But Farley’s changes are expected to go further.
He plans to split the talent among the various units so purchasing teams specializing in combustion vehicles, for example, aren’t asked to acquire specific parts for electric vehicles they might not have experience with. Designers, he said, will no longer be asked to simultaneously work on projects with different needs based on specific powertrains.
“Ford feels its current structure cannot optimize the capability of both sides of the house,” Morgan Stanley analyst Adam Jonas said in an investor note. “Too many competing objectives and complexity — needed to focus both missions.”
Still, Farley wants the two divisions to work in tandem in some respects, a potentially challenging goal for a company that traditionally has struggled to break down silos and been slowed by corporate bureaucracy.
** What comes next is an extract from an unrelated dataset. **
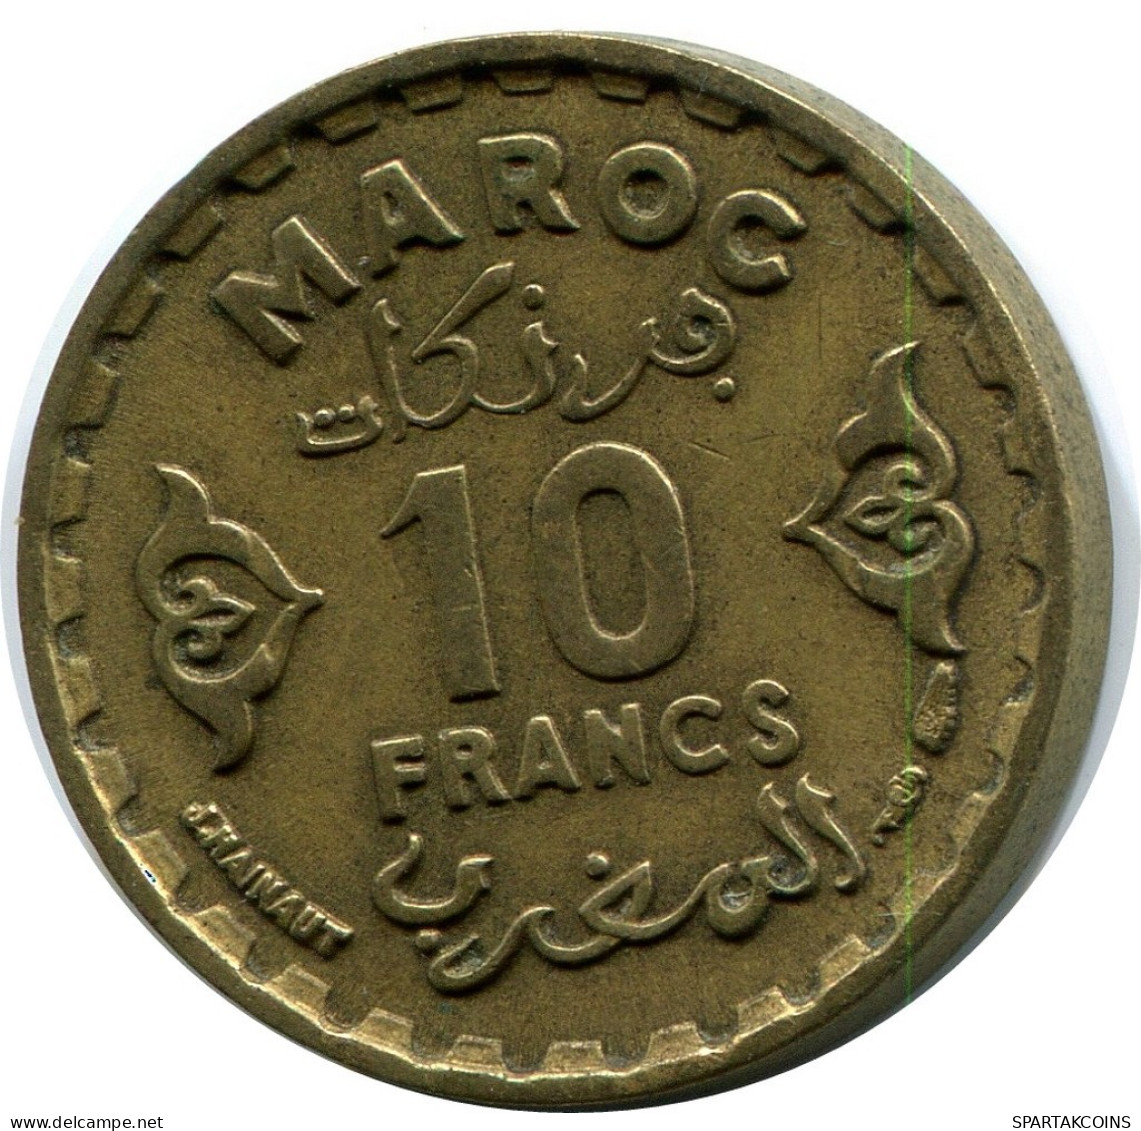 10 FRANCS 1952 MOROCCO Coin #AP248.U.A - Marokko

He named himself president of the EV business, Ford Model e, to help ensure that happens.
“Make no mistake about it: Even though this is a big change from where we’ve been, we are not going to create separate brands,” Farley said. “We are not going to compete with each other. In fact, that’s why I’m leading the electric business as the CEO because I cannot allow any of that to happen at Ford.”
The combustion business, now called Ford Blue, is headed by Kumar Galhotra, previously president of the Americas and International Markets Group.
While each side will have its own product development, sales and distribution teams, Galhotra said manufacturing and marketing likely will share responsibilities and split time between both divisions.
“We’ve gone through each position and talked through where it makes sense to have them dedicated to one team or the other and where we’re going to have teams that serve the entire enterprise at the same time,” he said.
As part of the changes, Ford is boosting its EV investment plan by $20 billion, to a total of $50 billion through 2026.
The company now expects a 10 percent adjusted pretax earnings margin by 2026, which is nearly double the 5.4 percent it posted for 2021. Part of that includes saving $3 billion in structural costs within Ford Blue.
The increased EV investment will lead to more vehicles; Ford plans to produce more than 2 million EVs by 2026, accounting for 30 percent of its global volume. The automaker expects half of its volume by 2030 will be EVs.
Wall Street analysts remain skeptical, as they often have been of the Detroit 3’s efforts to keep up with a changing industry.
“While we cannot rule out a 2 million unit number,” Jonas wrote, “at this stage we simply do not have confidence in the ability for Ford (or GM for that matter) to secure the materials (i.e. metals), battery machinery/manufacturing/supply chain in sufficient quantity and quality/efficacy to deliver on an EV number anywhere near this level within four years.”